For remote and difficult-to-access areas, drone-mounted sensors increasingly are becoming an option, too.

Aeromon, Helsinki, Finland, already has used its drone-mounted BH-8 sensor technology as a platform to monitor emissions from a variety of different sites, including refineries, gas transportation infrastructure, biomass storage and municipal waste treatment. BH-8 currently can measure 70 different gaseous compounds, together with particulate matter (Figure 4).

The sensor package has been specifically designed for both airborne and stationary measurements, and can simultaneously carry eight different gas sensors, radio communications and geolocation technology — all in a package that weighs under 800 g (1¾ lb). In addition, BH-8 is fully integrated with Aeromon’s Gasmon software and cloud service, providing automated web reports with data visualization.

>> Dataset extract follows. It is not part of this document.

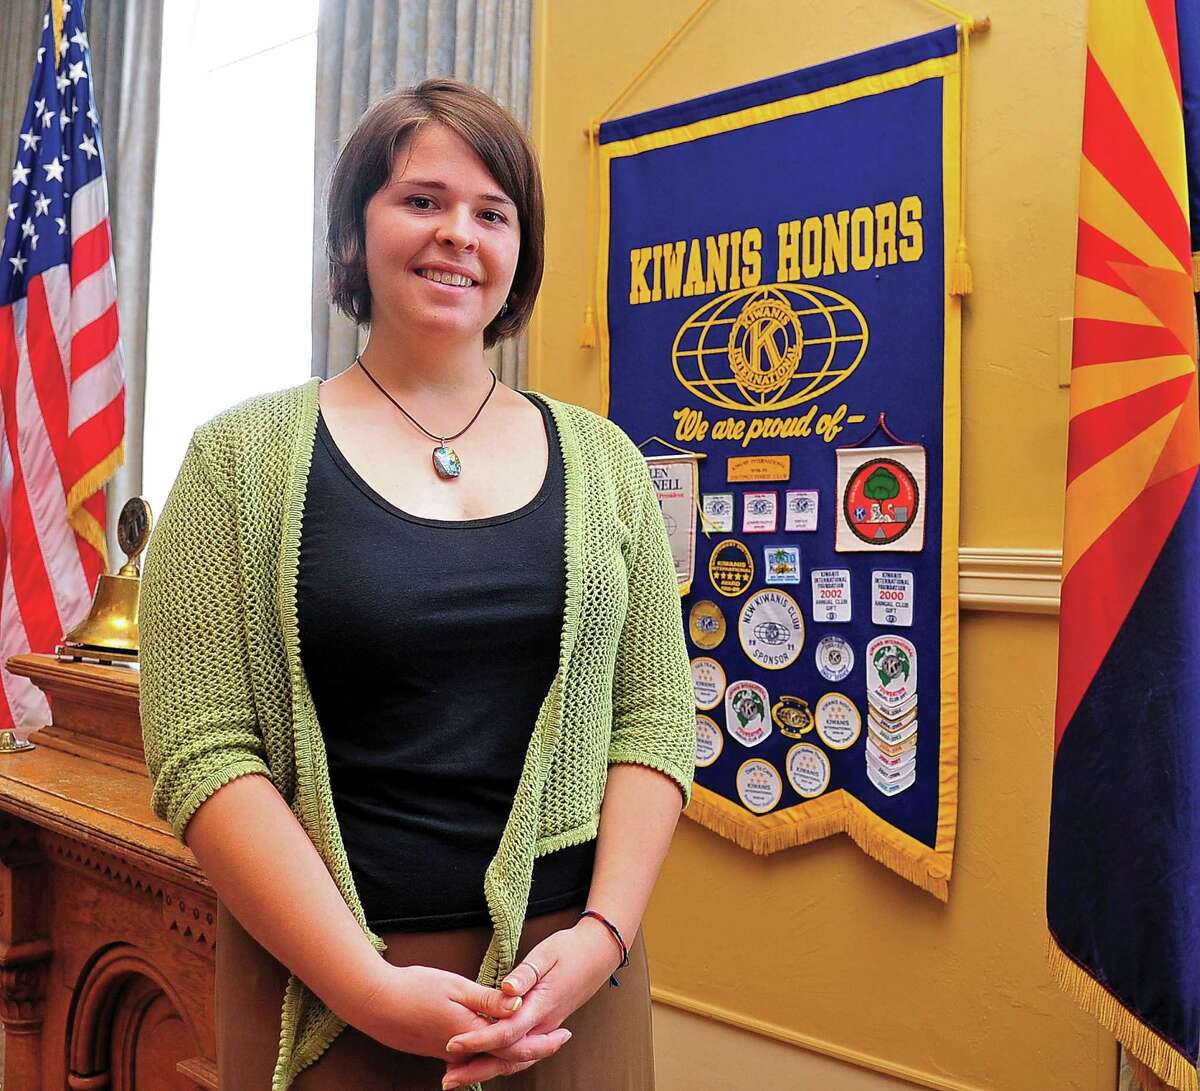 FILE -- In this May 30, 2013 file photo, Kayla Mueller is shown after speaking to a group in Prescott, Ariz. Omar Alkhani, boyfriend of Mueller, spoke to The Associated Press on Sunday, Feb. 15, 2015, via webcam from Turkey in one of his first interviews. Alkhani talked about how he met Mueller in 2010 and the last time he saw her in 2013 as a prisoner of the Islamic State group. The U.S. government and Muellerís family confirmed her death last week. (AP Photo/The Daily Courier, Matt Hinshaw, File) MANDATORY CREDIT
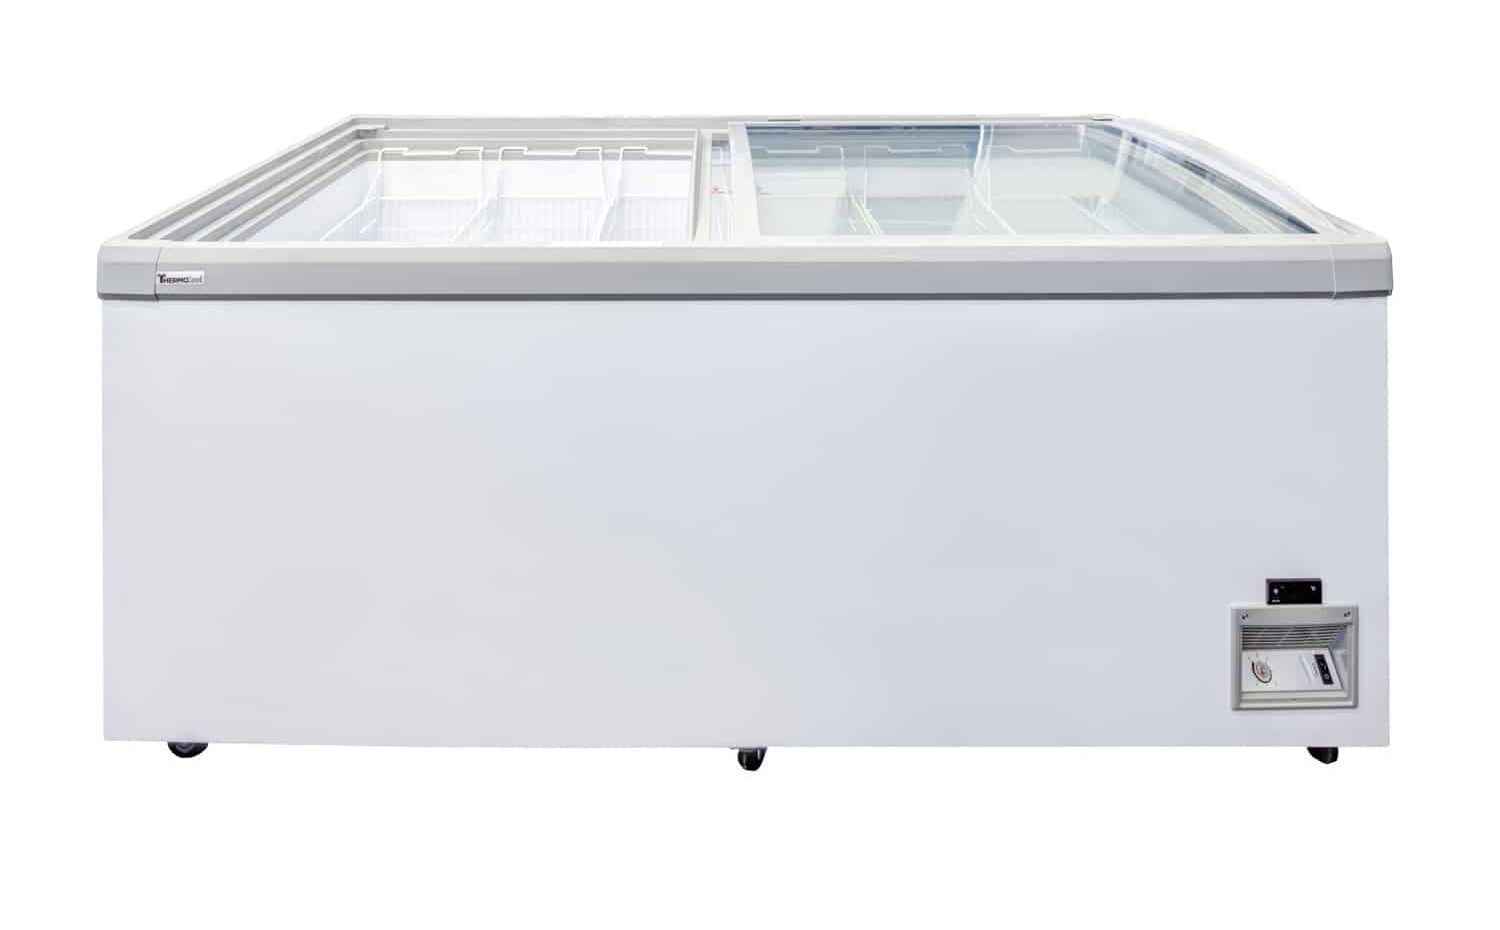 Do businesses still use Commercial Chest Freezers?

The major advantage to chemical companies is the ability to measure or create a concentration map from a large area very quickly and cost-effectively, says R&D director Matti Irjala. “Our combination of static, hand-held and drone-mounted geospatial measurement configurations together with our real-time cloud-based analysis and emission visualization service — Aeromon cloud service (ACS) — enables our clients to save time and resources.”

“We have the same performance characteristics as with cost-effective wireless sensors but our solution allows our clients to get more complete results quicker than ever before, as difficult locations can be now easily reached and mapping can be done swiftly. Also, our cloud-based automatic reporting and calibration management makes the workflow leaner, which in turn gives companies more time to focus on actions based on their newly acquired information,” Irjala adds.

Regulations on the use of drones vary from country to country; in some nations, aviation laws require a person to have a license to operate a drone, he points out, adding that some harmonization efforts now are underway in Europe.

“Drones are an essential part of the ongoing IIOT revolution,” stresses Irjala.